M.L.B. Money Flows to Free Agents as Lockout Looms

The Thanksgiving leftovers are still in the fridge, and Max Scherzer is already on his way to the Mets. That alone proves that the baseball off-season, which tends to unfold at a plodding pace, has come alive.

But is this a blizzard of spending, or merely a flurry? Is free agency now a winter wonderland for players, or is it barely snowing at all? Either way, the forecast calls for a lockout when the collective bargaining agreement expires Wednesday at midnight, Eastern time.

It would be the first work stoppage since August 1994, when the owners baited the players into a strike that canceled the World Series. At least this timing is better, with spring training more than two months away. But failure to reach a new C.B.A. would trigger a transaction freeze, which explains all the recent activity. Free agents want to find a home before settling in for the long, cold, lonely winter.

It shouldn’t have to be this way. Maybe the owners and players will settle all their differences quickly, but nobody expects that. The game’s economics deserve a careful, thoughtful recalibration. But it’s hard to believe that the system is flawed enough to shut down the industry.

Since the last negotiation, after the 2016 season, the owners have pulled off a neat trick of lowering players’ salaries as a whole. The average salary fell by more than 6 percent, to $4.17 million, from opening day in 2017 to opening day in 2021. Franchise values continue to rise, of course, because so many billionaires want in.

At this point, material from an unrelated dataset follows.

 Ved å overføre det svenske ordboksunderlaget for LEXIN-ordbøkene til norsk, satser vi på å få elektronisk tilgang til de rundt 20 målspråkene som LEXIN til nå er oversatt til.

Nobody — players or owners — is crying poor. The players have been saying for years that the labor agreement discourages teams from spending by offering incentives to lose, which offends their competitive instincts. They also emphasize that if teams spend less on veterans, then younger players should be paid better.

Both are sensible points. Yet several losing teams have been turning to free agency this month to spend their way back to contention. And the Tampa Bay Rays just gave a $182 million contract to Wander Franco, who has played 70 games in the majors.

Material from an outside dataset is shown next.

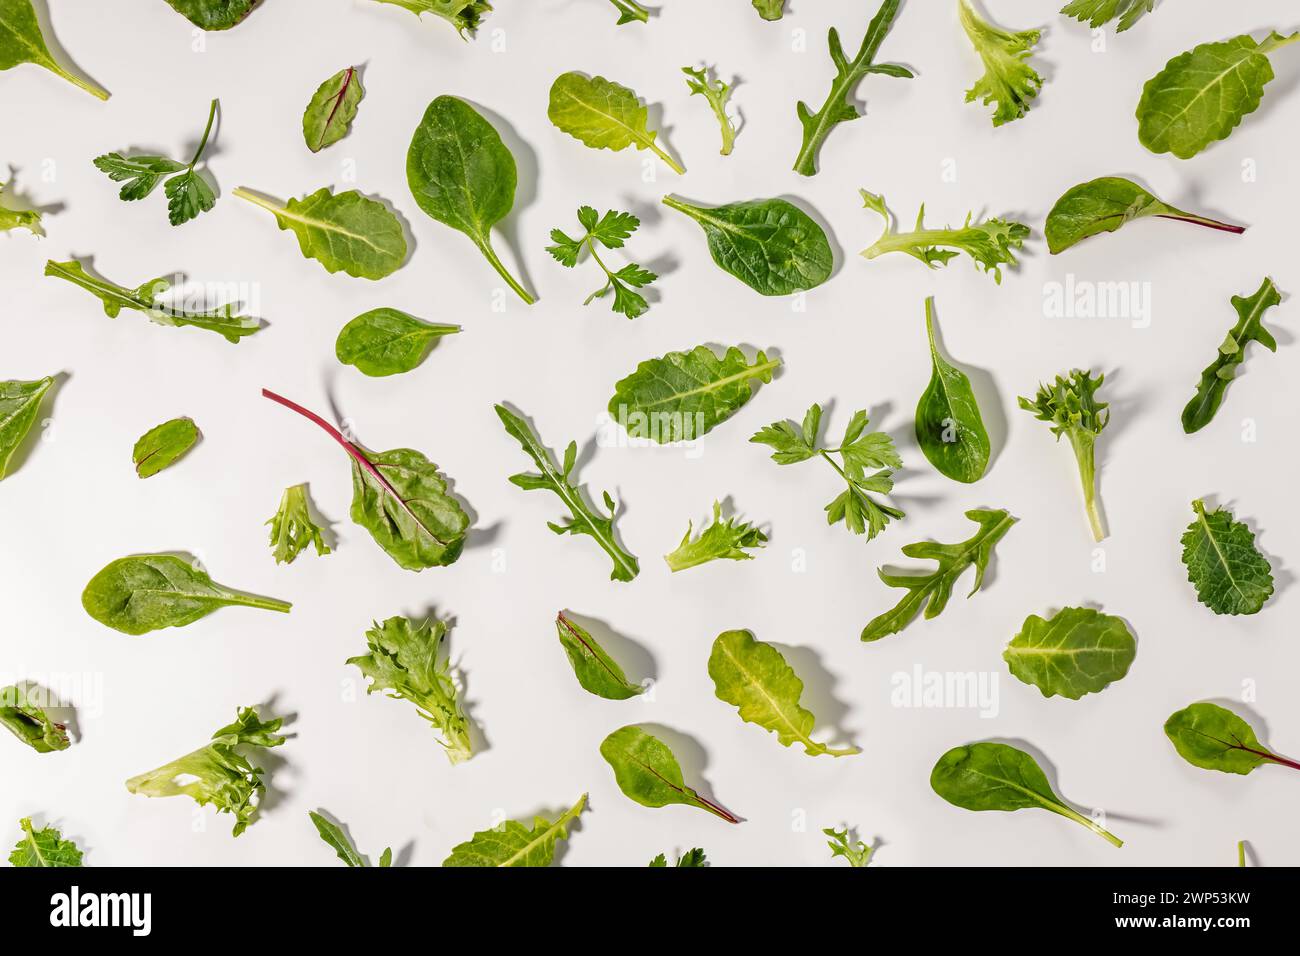 Divers verts isolés sur blanc, nourriture à base de plantes, fond de feuilles vertes Banque D'Images

“The Rays have given me the support that I need, the development, the people that they have here,” Franco said through an interpreter at a news conference at Tropicana Field on Monday. “I wish to stay here for my whole career.”

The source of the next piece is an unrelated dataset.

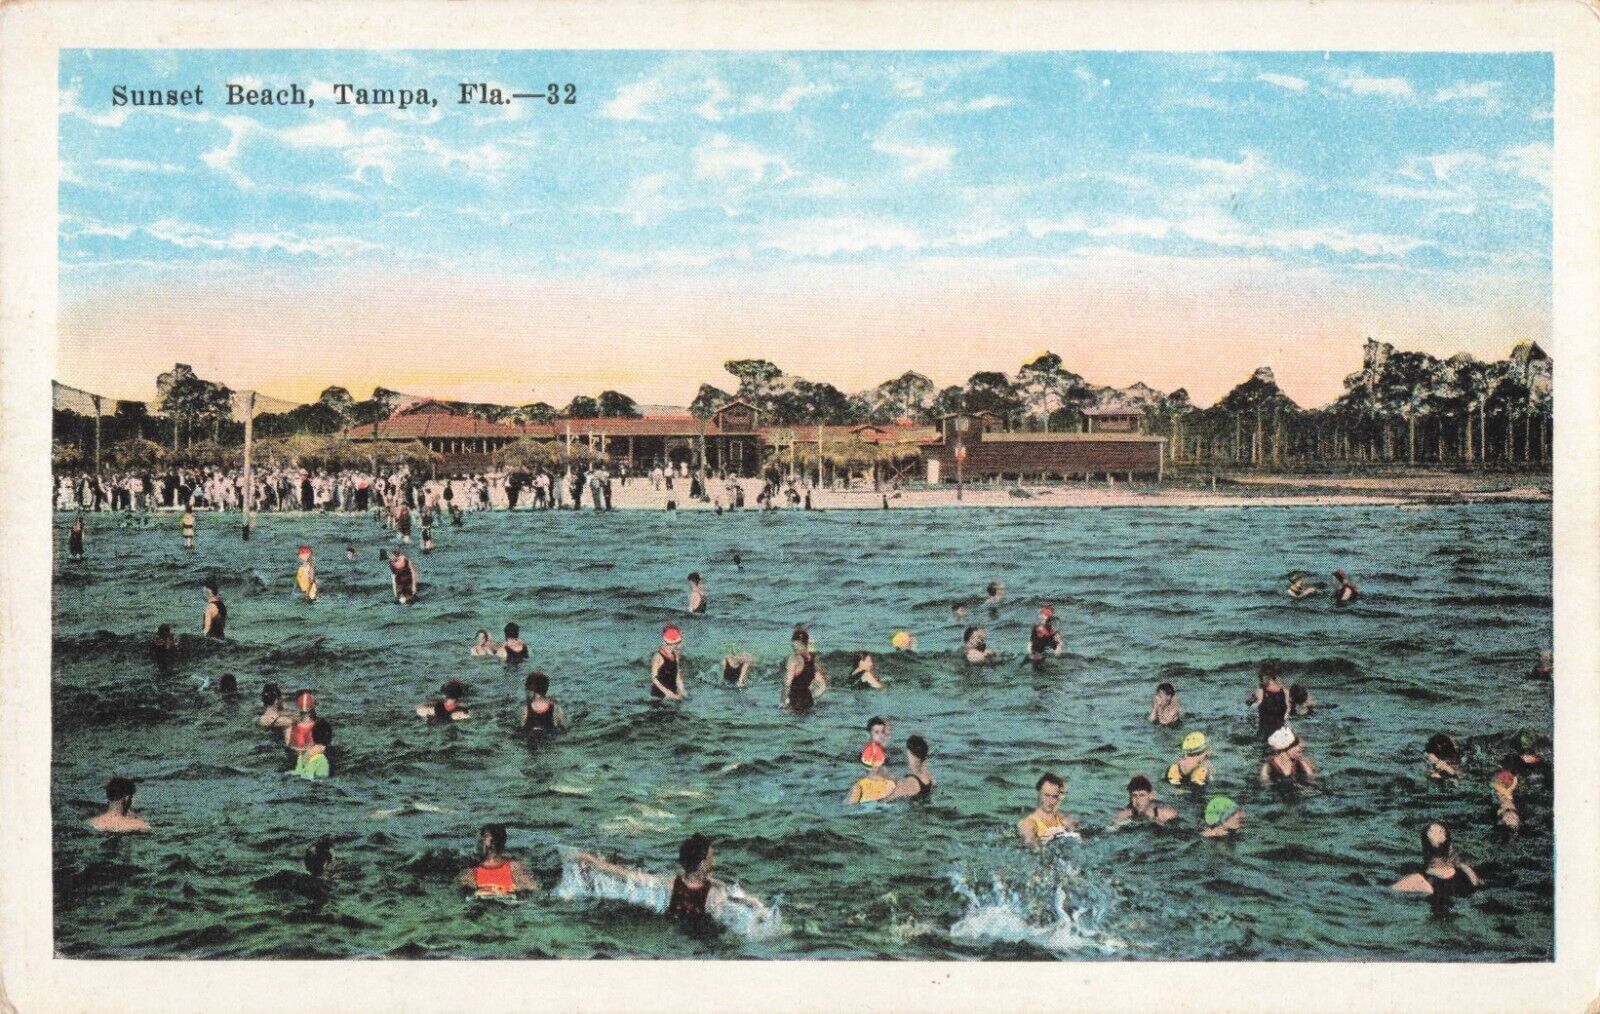 Bathers at Sunset Beach Tampa Florida FL c1920 Postcard

It doesn’t always work out that way. The players who signed baseball’s first $100 million, $200 million and $300 million contracts — Kevin Brown, Alex Rodriguez and Giancarlo Stanton — were all traded to the Yankees with multiple years left on their deals. But Franco has set another new standard: most money guaranteed to a player with less than a year of major league service.

The trade-off is that Franco gave up several years of free agency, when the open market could have determined his worth. But when a 20-year-old player sets himself up to earn $223 million before his 33rd birthday (the deal includes a $41 million option for a 12th year), it seems like a sound decision.

Here are some other noteworthy, widely reported November contract agreements (some will not be official until the parties sign off on contractual language and medical details):

Perhaps the timing of all these moves is no coincidence. A flood of early deals could create the impression that everything is fine. A lockout would then shut off the cash spigot, leaving unsigned players clamoring for a labor deal.

The owners have proposed a payroll minimum for all teams — accompanied, naturally, by a lowering of the luxury tax threshold at the top of the scale. But the sport actually has more competitive balance than the budget hawks want to admit: 15 different franchises have won the World Series since 2001, and that’s not including the well-run, perennial contenders Tampa Bay and Milwaukee. The N.F.L., the N.B.A. and the N.H.L. have had fewer different champions in the same time.

The players also overstate some of their problems. Yes, young stars are underpaid relative to the value they provide. But lower-payroll teams need them to have a chance to win, and higher-payroll teams need them to more easily afford the expensive players. And some teams benefit by showing restraint on the open market; not every free-agent contract works out.

The most significant obstacle to the game’s future is not the salary structure, anyway, but the play on the field. The players and the owners need to find a way to make the product as entertaining as it can be. As hard-throwing pitchers and high-strikeout hitters continue to get big contracts, that may be the biggest challenge of all.